# My 180 did not last long once I placed it up for sale



## Chipmaker (Sep 16, 2003)

SInce I got a new GX 335 this week, I pressure washed my old JD180, pulled the deck off, and patched a spot where a blade tore it, when the attach bolt head sheared off. I sharpened the blades, and set it outside yesterday along the roadside. This morning it was sold. I had been contemplating on what price to ask for it, and what I would eventaully sell it for push come to shove, as I did not want to have to store it this winter. I also included the bagger (which the buyer did not take as he did not want it) as well as some extra but used blades, and the owners manual.

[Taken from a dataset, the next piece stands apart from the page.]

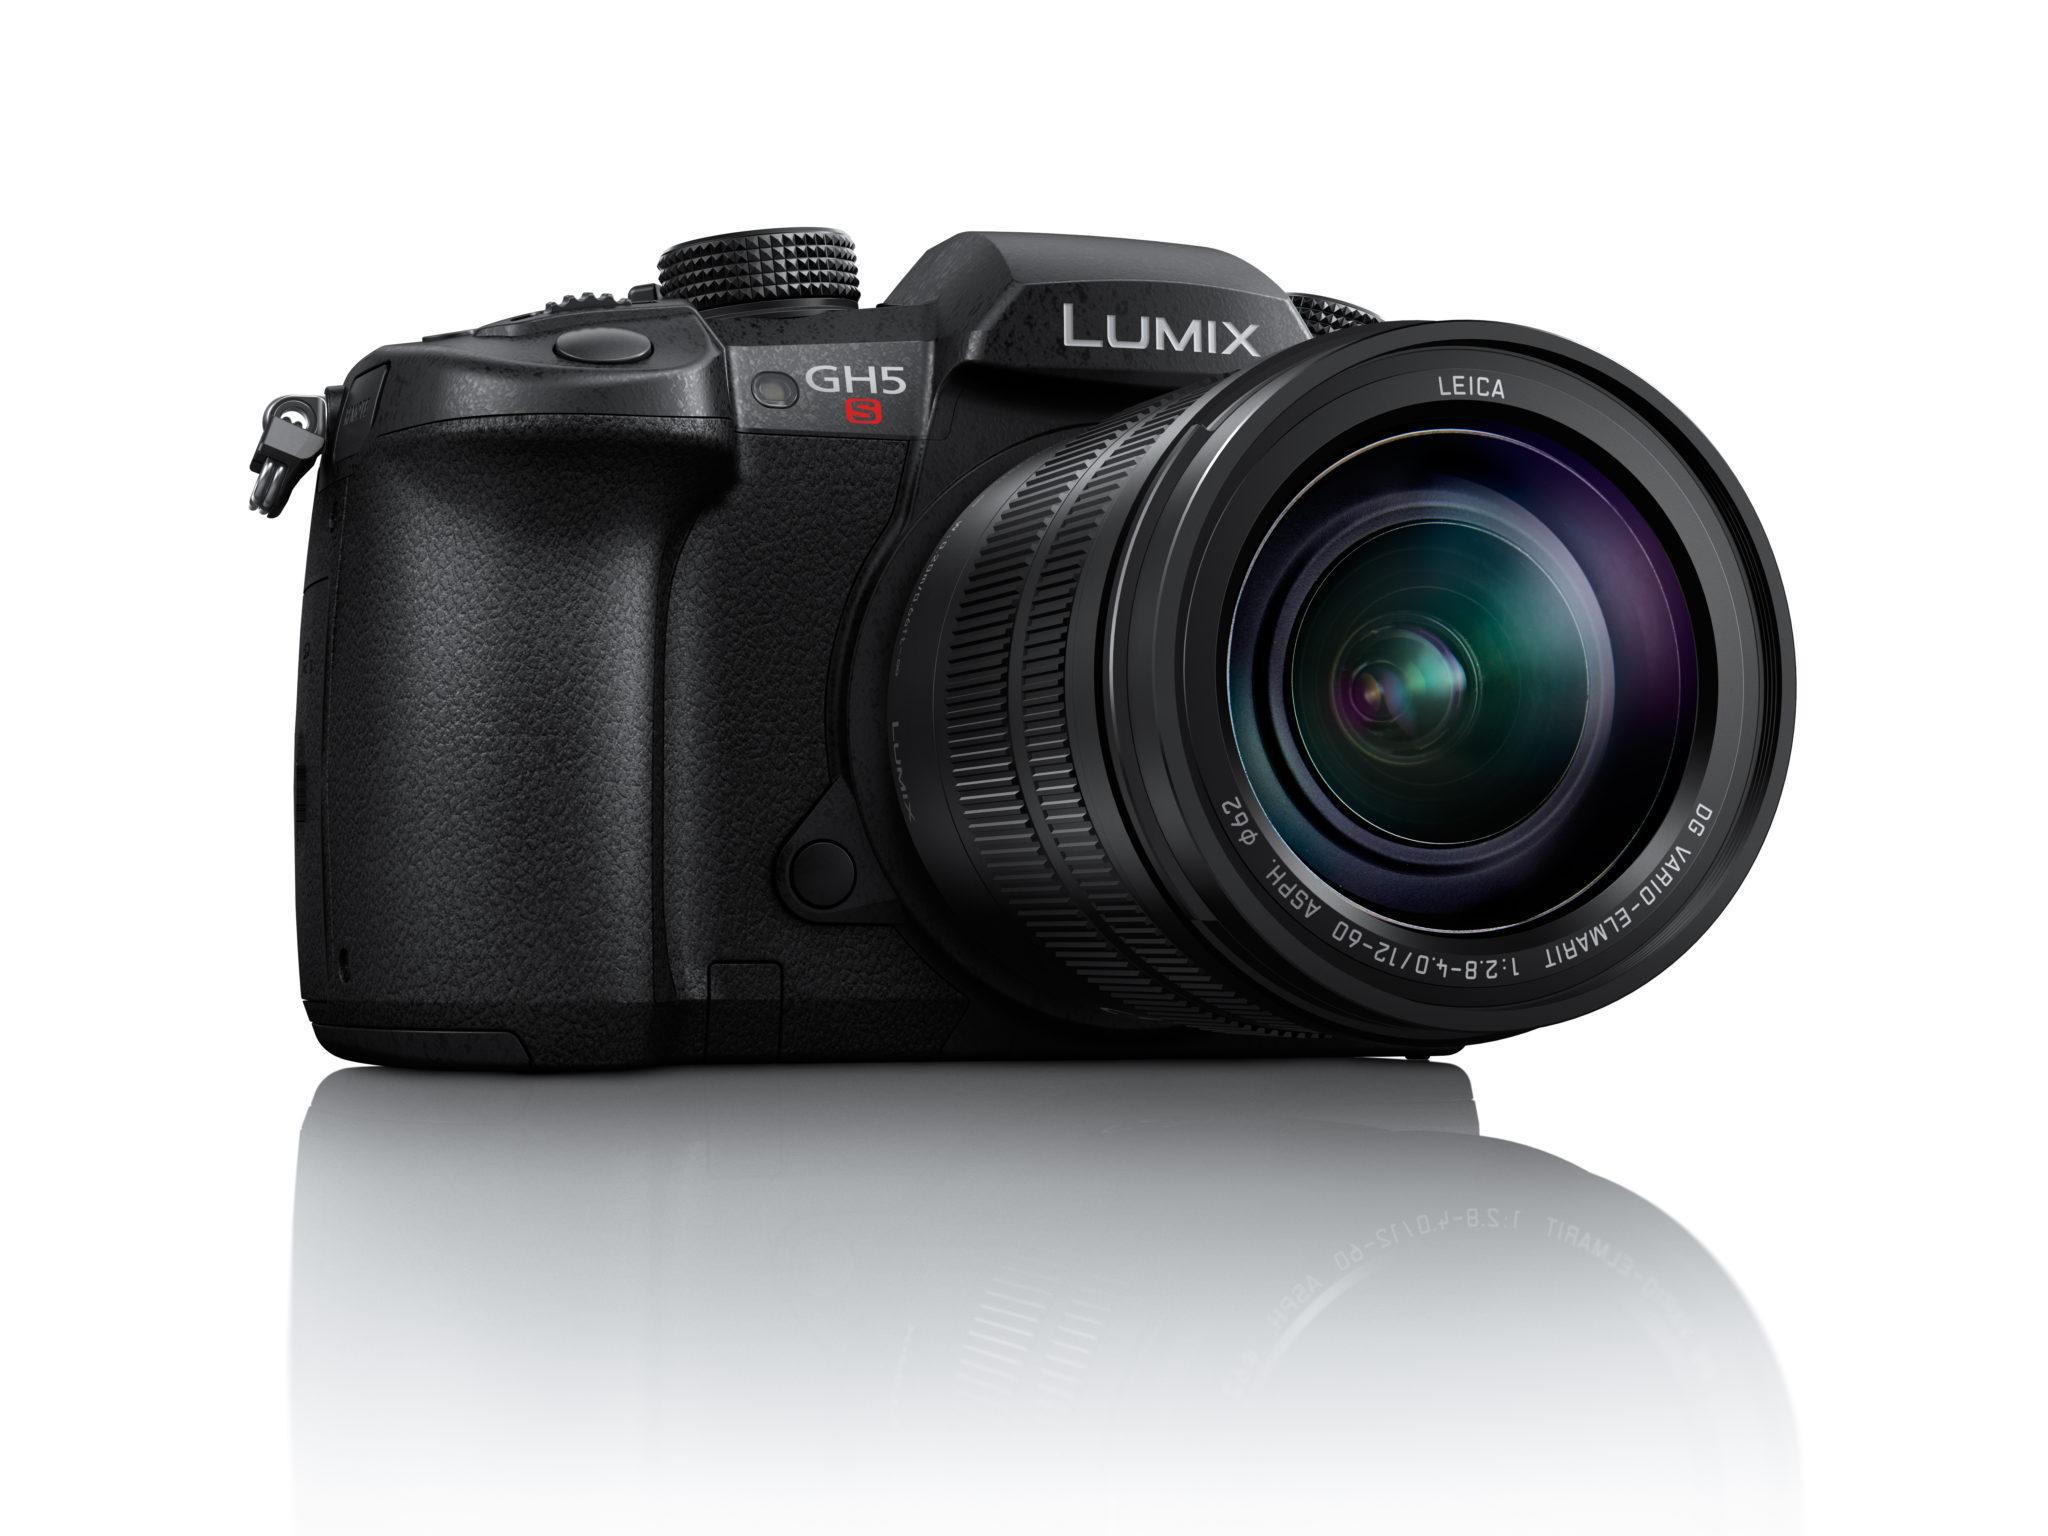 Panasonic LUMIX GH5S Mirrorless Camera

I never even had to hassle with the price, as one fellow that was there just said is anyone prepared to pay the asking amount, if not, I want it, as I have to get my grass cut. The other two felllows that were looking it over asked if I could come down any, and I said I may be able to, but never gave them a final low price, so I sold it for original asking price without a hassle, and loaded it and was paid in green stuff and the guy was gone.


----------



## jodyand (Sep 16, 2003)

Congrats on getting your asking price its allways nice to get the price you know its worth.
Jody


----------



## ThGrubInspector (Sep 17, 2003)

Don't chuck that bagger. I sold a 15 year old Craftsman bagger for $175 ...It retails today for $325


----------



## Chipmaker (Sep 16, 2003)

Maybe I need to Ebay it! 

I was hoping the deck adapter boot may be close enough to modify to fit the 54"deck so I would not have to make a new transition boot for it, but its not even close.........


----------